■ TASK STATEMENT: Return only the lines from the one containing "Measures: 39" to the end of the material, with each one exactly as it appears.

* * * * *

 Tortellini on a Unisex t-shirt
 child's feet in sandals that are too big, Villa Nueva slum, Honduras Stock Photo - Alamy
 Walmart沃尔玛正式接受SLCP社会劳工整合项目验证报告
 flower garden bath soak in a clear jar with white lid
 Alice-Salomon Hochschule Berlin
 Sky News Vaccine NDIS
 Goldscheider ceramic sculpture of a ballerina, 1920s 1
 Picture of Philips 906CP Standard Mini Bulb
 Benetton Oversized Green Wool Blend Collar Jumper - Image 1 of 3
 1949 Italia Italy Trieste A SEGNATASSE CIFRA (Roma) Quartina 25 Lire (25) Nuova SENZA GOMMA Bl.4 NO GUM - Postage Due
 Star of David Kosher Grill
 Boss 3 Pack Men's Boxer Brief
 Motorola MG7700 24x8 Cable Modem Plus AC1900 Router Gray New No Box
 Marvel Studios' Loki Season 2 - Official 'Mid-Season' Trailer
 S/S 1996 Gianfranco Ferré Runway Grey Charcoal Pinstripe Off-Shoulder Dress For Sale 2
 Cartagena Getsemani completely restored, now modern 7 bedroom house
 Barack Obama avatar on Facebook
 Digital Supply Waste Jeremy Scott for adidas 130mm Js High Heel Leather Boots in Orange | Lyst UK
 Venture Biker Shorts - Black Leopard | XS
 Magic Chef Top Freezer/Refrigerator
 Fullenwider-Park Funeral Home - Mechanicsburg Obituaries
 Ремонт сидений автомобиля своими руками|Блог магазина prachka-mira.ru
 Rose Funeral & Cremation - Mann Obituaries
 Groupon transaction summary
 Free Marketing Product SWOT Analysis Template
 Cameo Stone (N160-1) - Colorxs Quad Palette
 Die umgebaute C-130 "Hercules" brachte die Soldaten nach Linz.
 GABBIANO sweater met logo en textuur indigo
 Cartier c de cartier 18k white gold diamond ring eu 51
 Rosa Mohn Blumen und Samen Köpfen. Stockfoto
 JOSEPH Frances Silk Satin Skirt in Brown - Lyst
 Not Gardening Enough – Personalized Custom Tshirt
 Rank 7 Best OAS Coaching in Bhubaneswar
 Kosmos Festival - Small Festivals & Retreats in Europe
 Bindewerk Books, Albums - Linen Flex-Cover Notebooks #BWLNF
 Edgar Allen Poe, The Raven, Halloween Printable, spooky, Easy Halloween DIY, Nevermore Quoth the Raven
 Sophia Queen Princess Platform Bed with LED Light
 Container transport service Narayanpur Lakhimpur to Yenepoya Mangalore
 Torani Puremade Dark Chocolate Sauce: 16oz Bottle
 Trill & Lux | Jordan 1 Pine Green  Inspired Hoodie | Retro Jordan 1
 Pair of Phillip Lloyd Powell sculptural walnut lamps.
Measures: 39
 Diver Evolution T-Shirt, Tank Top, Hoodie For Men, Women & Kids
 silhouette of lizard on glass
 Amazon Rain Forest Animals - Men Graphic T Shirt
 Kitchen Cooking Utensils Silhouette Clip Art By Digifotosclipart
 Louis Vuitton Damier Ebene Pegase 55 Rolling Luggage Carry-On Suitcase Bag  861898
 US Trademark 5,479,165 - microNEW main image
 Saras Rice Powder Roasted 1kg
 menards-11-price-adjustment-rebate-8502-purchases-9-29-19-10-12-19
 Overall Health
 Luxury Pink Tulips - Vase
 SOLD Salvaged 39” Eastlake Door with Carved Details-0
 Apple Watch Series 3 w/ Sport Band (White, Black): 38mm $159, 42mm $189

* * * * *

■ EXERCISE OUTPUT:
Measures: 39
 Diver Evolution T-Shirt, Tank Top, Hoodie For Men, Women & Kids
 silhouette of lizard on glass
 Amazon Rain Forest Animals - Men Graphic T Shirt
 Kitchen Cooking Utensils Silhouette Clip Art By Digifotosclipart
 Louis Vuitton Damier Ebene Pegase 55 Rolling Luggage Carry-On Suitcase Bag  861898
 US Trademark 5,479,165 - microNEW main image
 Saras Rice Powder Roasted 1kg
 menards-11-price-adjustment-rebate-8502-purchases-9-29-19-10-12-19
 Overall Health
 Luxury Pink Tulips - Vase
 SOLD Salvaged 39” Eastlake Door with Carved Details-0
 Apple Watch Series 3 w/ Sport Band (White, Black): 38mm $159, 42mm $189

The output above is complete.